The first home pregnancy tests were marketed in the mid 1970’s. These tests are one of the most popular products for home diagnostic testing. It is estimated that about 33% of women have used these tests. The tests are popular because they allow women rapid access to highly sensitive and personal information. These tests can lead to earlier diagnosis and can provide pregnant women an opportunity to seek earlier health care intervention.
FDA is involved in the premarket review of these tests. Since the 1976 Medical Device Amendment, FDA assures that new pregnancy tests perform as well as those tests on the market since 1976. Premarket compares test performance between a new test and an established test. In these kinds of pregnancy devices the new test is compared to varying levels of the hormone human chorionic gonadotropin (hCG) that is the marker for pregnancy.

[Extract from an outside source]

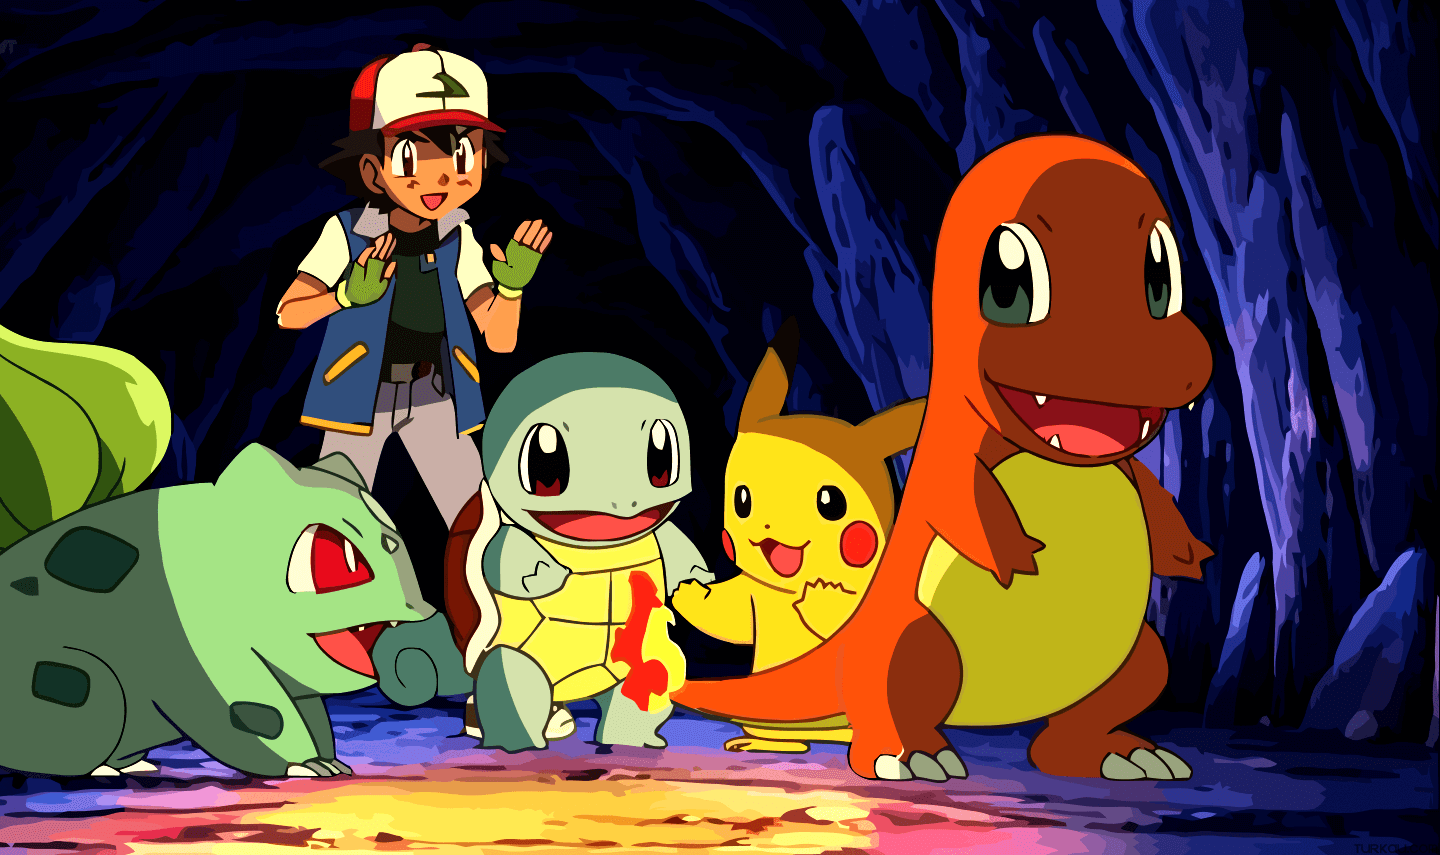 Pokemon characters are standing in front of a cave. - Pokemon

Recent investigators point out that the FDA review of analytical performance does not always mean a woman is pregnant. This discrepancy is because different tests have different abilities to detect low levels of hCG. Also hCG levels differ between pregnant women depending on the timing of the onset of pregnancy with regard to a menstrual period and depending on each woman’s unique biology.
The result is that pregnancy tests may be labeled up to 99% accurate when compared to other hCG tests, not to pregnancy. This may be true based on information submitted to the FDA. Therefore, labeling of these tests should clearly indicate that there is a possibility for both false positive tests and false negative tests, so patients should contact their health care provider to discuss any result.
Patients may frequently recognize incorrect results with the passage of time. False negatives may be detected by ongoing failure to have a period or the development of other obvious signs of pregnancy. False positives may be demonstrated by the unexpected onset of menses (regular vaginal bleeding associated with “periods”.) Repeat testing and/or other investigations such as ultrasound may provide corrected results.
If a patient has a negative result, it is always wise to consider this a tentative finding. Women should not use medications and should consider avoiding potentially harmful behaviors, such as smoking or drinking alcohol, until they have greater certainty that they are not pregnant.
Since September of 2003, studies for pregnancy tests have been posted on the Office of In Vitro Diagnostic Web Page under new 510(k)s – decision summaries. FDA is considering what educational or regulatory tools might be available to help clarify the status, use, and interpretation of these tests.